И Угляна может знать, что с ней происходит.
Ой! Уж не «волховской недуг» ли ее мучает? От этой мысли мороз продрал по коже, на глазах выступили слезы. Младина встала, безотчетно сделала несколько быстрых шагов, словно хотела убежать от этой участи. Бывает, что духи сами выбирают человека себе на служение и овладевают им против воли. Избавиться от них невозможно – даже если и удастся отогнать, толку и смысла в жизни такого человека все равно не будет, исчахнет от тоски и пустоты. Ни работа, ни семья, ни еда, ни отдых и веселье не пойдут впрок. Такому человеку одна дорога – в волхвиты. В лес… Как Угляна…
О чуры, да неужели ее, Младину, избрали духи? И она станет новой сежанской волхвитой после Угляны, поселится в старой избе-развалюхе… не будет у нее ни мужа, ни детей… ничего… Ни любви, ни привета, только боязливое уважение бывших родичей… О нет!

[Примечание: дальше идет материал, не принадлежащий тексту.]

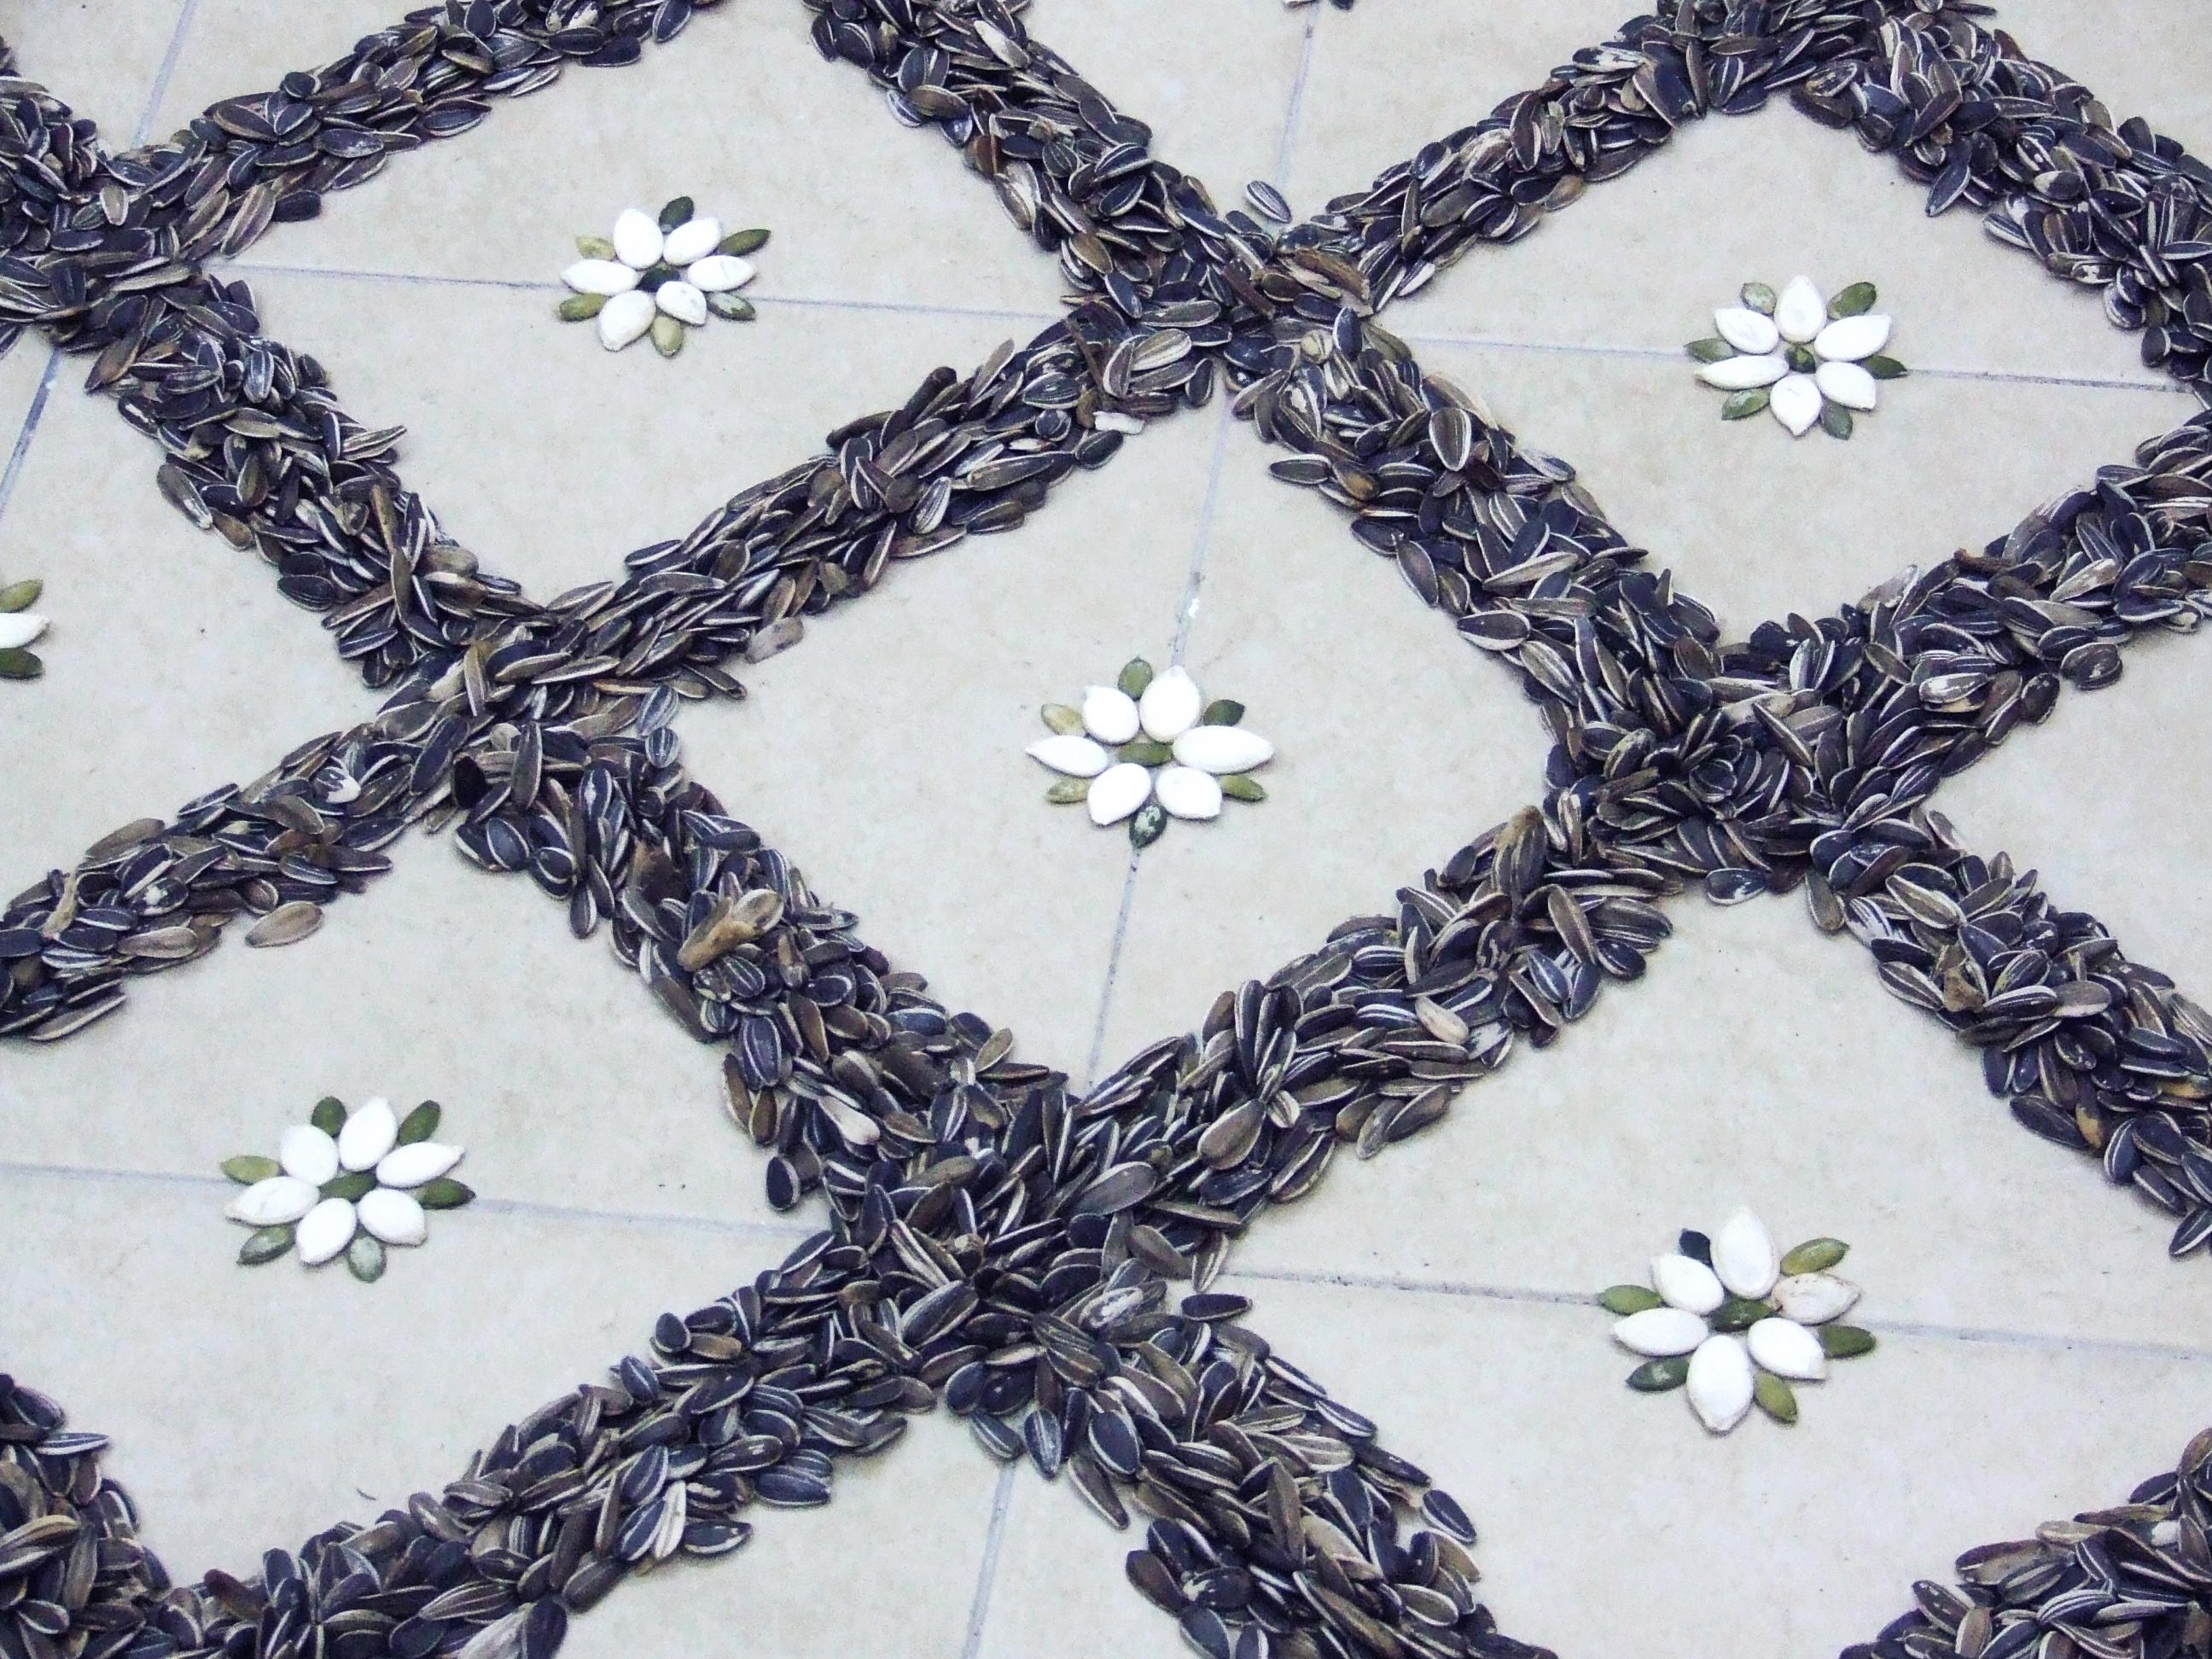 Seeds floor_6_Shahar Tuchner.jpg

Младина с трудом удержалась от желания разрыдаться навзрыд, побежать к матери, зарыться, как в детстве, ей в передник и там найти спасение от всех мыслимых бед. Слезами горю не поможешь. Но ведь иного объяснения и правда нет! Давно… с Ладиного дня, с того часа, когда сжигали старуху Марену, она ощущает в себе это необычное. Уже нельзя сказать, что ей померещилось, надо смотреть правде в глаза. И…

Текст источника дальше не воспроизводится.